I appreciate advice but I'm not quite sure I understand yours. Purely me not having enough experience to quite get what you're saying.

I'm just not sure how else I'd approach splitting the crotch to get the 'Y' shape differently.

However, let me describe what I did and what I think you're saying:

What I did was stand the crotch up on end on top of a large pine log with the 'Y' part of the crotch sticking up and cut it down towards the pine log.

What I think you might be saying is that I would have had an easier time/better cut if I would have laid the log on it's side with the 'Y' oriented vertically and cut from the bottom towards me.

Is that close or am I still completely lost here?

In any case I do appreciate the advice as I'm real new to using the chainsaw. 

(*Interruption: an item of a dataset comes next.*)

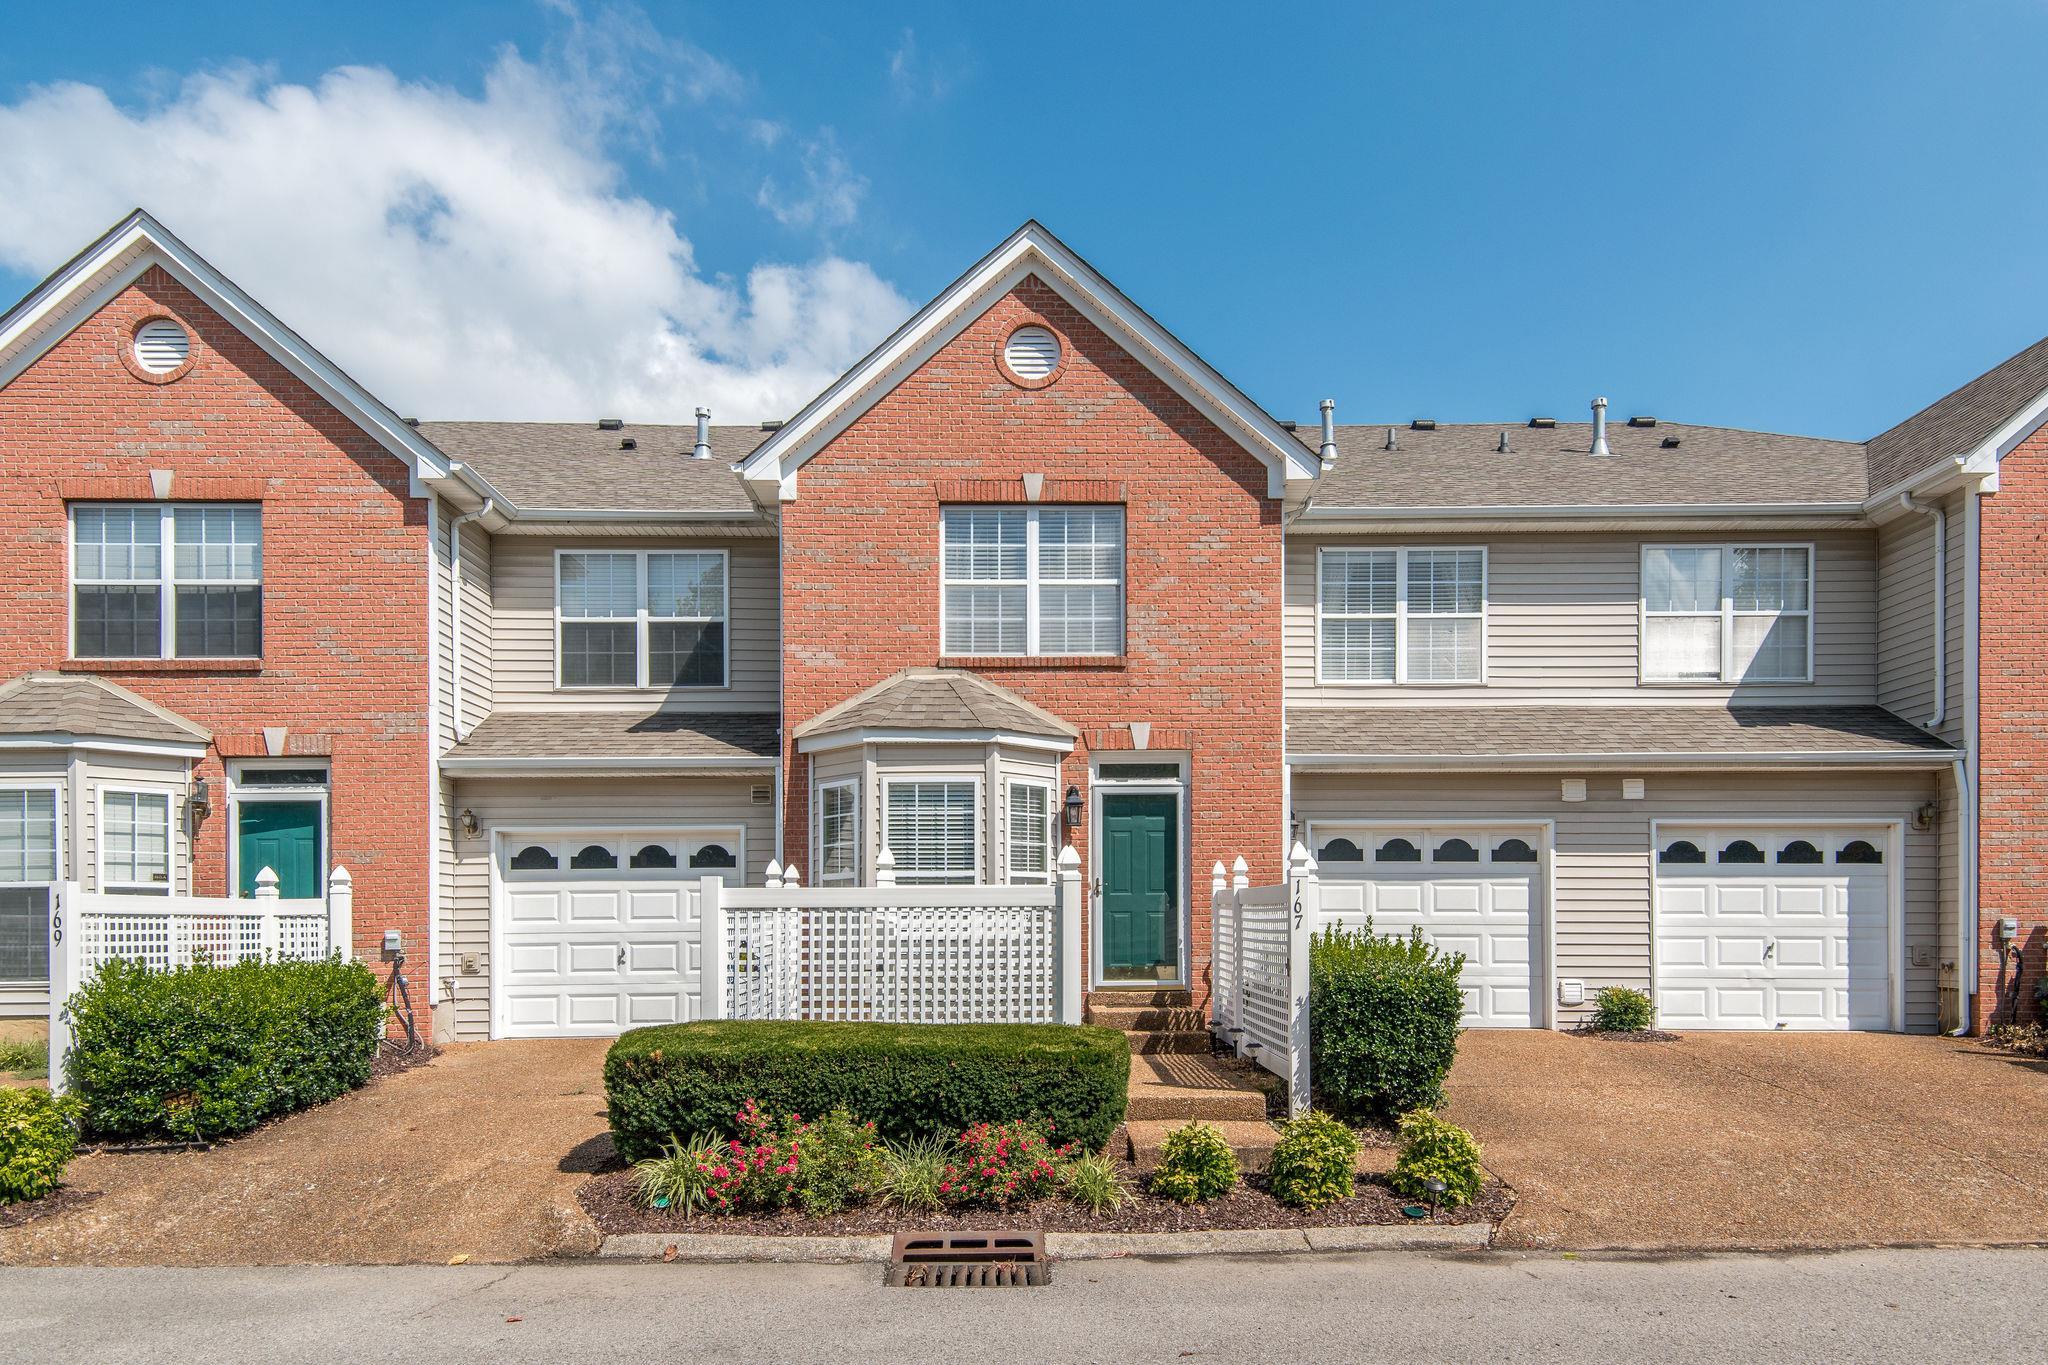 167 Stanton Hall Ln, Franklin, TN 37069 - Franklin, TN real estate listing
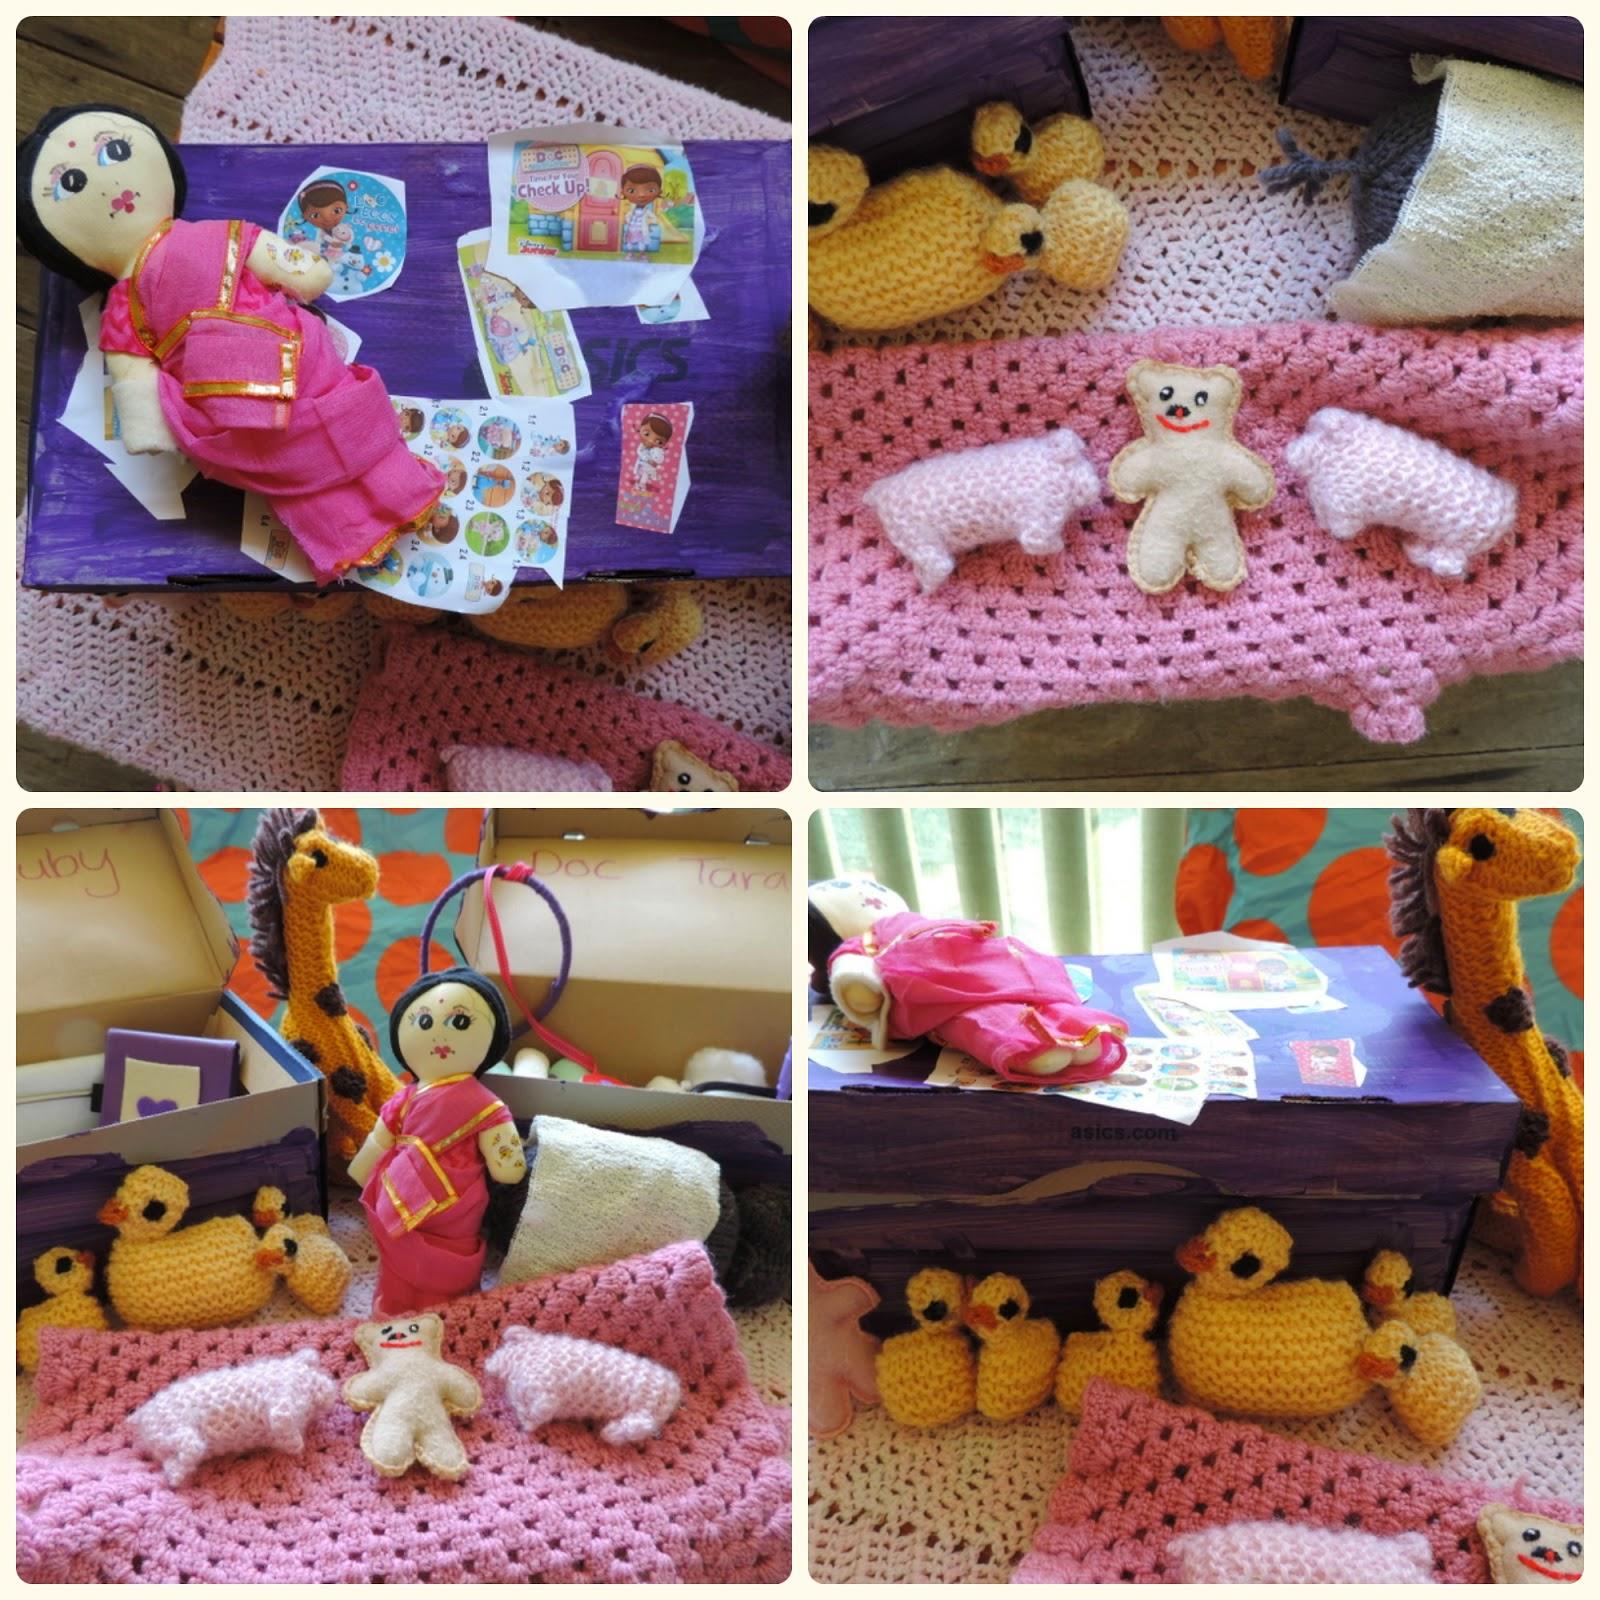 Easy to make, budget friendly Doc's Kit for children - Mummy Musings and Mayhem

I will note that given the advice here I now have a pair of chaps and steel toed boots for the next time I venture out to use it.


----------



## dean jordan

What I meant is to lay the crotch on its side and then cut from the top side to the bottom side with the saw oriented parallel to the grain. someone help me please I dont think Im explaining it well. you still want o cut through the y like you did just not across the grain.
Here is a pic
this way you are cutting with the grain rather than cutting across end grain when spitting a log in half you should go the same way
[attachment=9248]


----------



## woodtickgreg

dean jordan said:


> What I meant is to lay the crotch on its side and then cut from the top side to the bottom side with the saw oriented parallel to the grain. someone help me please I dont think Im explaining it well. you still want o cut through the y like you did just not across the grain.
> Here is a pic
> this way you are cutting with the grain rather than cutting across end grain when spitting a log in half you should go the same way


How thought full, pics always help!


----------



## kweinert

dean jordan said:


> What I meant is to lay the crotch on its side and then cut from the top side to the bottom side with the saw oriented parallel to the grain. someone help me please I dont think Im explaining it well. you still want o cut through the y like you did just not across the grain.
> Here is a pic
> this way you are cutting with the grain rather than cutting across end grain when spitting a log in half you should go the same way



Yep, that's what I thought you meant. 

Thanks for the picture, it's much better than my description :)

I'll definitely give that a try the next time I need to break down some wood - which will most likely be when I split some of the cedar into 1/2 round bowl blanks.


----------